> [TRY IT]
Reproduce verbatim the lines of the material below, starting at the line with "Nithin Sethi, Visteon" and ending at the line with "Craft//Card Making CraftAddictionUK", both inclusive; skip the rest.

==========

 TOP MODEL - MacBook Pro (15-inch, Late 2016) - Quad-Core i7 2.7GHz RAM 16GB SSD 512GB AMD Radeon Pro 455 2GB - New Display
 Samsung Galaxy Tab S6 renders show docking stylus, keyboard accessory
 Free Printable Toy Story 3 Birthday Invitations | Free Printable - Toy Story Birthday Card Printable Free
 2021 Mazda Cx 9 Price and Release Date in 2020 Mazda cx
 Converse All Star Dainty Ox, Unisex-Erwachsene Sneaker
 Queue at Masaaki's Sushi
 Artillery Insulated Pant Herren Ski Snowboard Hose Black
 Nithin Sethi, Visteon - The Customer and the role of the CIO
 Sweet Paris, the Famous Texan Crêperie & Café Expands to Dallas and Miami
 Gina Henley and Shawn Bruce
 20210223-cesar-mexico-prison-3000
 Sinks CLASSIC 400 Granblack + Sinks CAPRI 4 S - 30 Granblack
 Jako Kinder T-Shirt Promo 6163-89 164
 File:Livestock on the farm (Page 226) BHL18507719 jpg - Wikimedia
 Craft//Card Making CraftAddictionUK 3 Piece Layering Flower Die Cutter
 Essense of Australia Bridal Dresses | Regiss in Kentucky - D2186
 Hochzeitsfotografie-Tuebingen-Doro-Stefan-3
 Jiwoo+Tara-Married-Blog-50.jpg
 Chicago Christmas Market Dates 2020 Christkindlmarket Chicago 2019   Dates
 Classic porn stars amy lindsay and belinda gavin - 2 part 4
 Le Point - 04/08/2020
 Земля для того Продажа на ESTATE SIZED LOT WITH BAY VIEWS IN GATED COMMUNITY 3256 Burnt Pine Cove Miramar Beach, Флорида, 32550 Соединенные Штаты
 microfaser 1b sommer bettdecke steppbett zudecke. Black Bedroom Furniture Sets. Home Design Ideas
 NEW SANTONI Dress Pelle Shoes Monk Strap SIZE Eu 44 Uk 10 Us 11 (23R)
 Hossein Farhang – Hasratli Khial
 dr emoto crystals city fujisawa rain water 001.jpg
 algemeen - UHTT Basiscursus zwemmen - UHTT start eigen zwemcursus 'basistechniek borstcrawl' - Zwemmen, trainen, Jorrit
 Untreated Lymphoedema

==========

> [SOLUTION TO THIS PROBLEM]
 Nithin Sethi, Visteon - The Customer and the role of the CIO
 Sweet Paris, the Famous Texan Crêperie & Café Expands to Dallas and Miami
 Gina Henley and Shawn Bruce
 20210223-cesar-mexico-prison-3000
 Sinks CLASSIC 400 Granblack + Sinks CAPRI 4 S - 30 Granblack
 Jako Kinder T-Shirt Promo 6163-89 164
 File:Livestock on the farm (Page 226) BHL18507719 jpg - Wikimedia
 Craft//Card Making CraftAddictionUK 3 Piece Layering Flower Die Cutter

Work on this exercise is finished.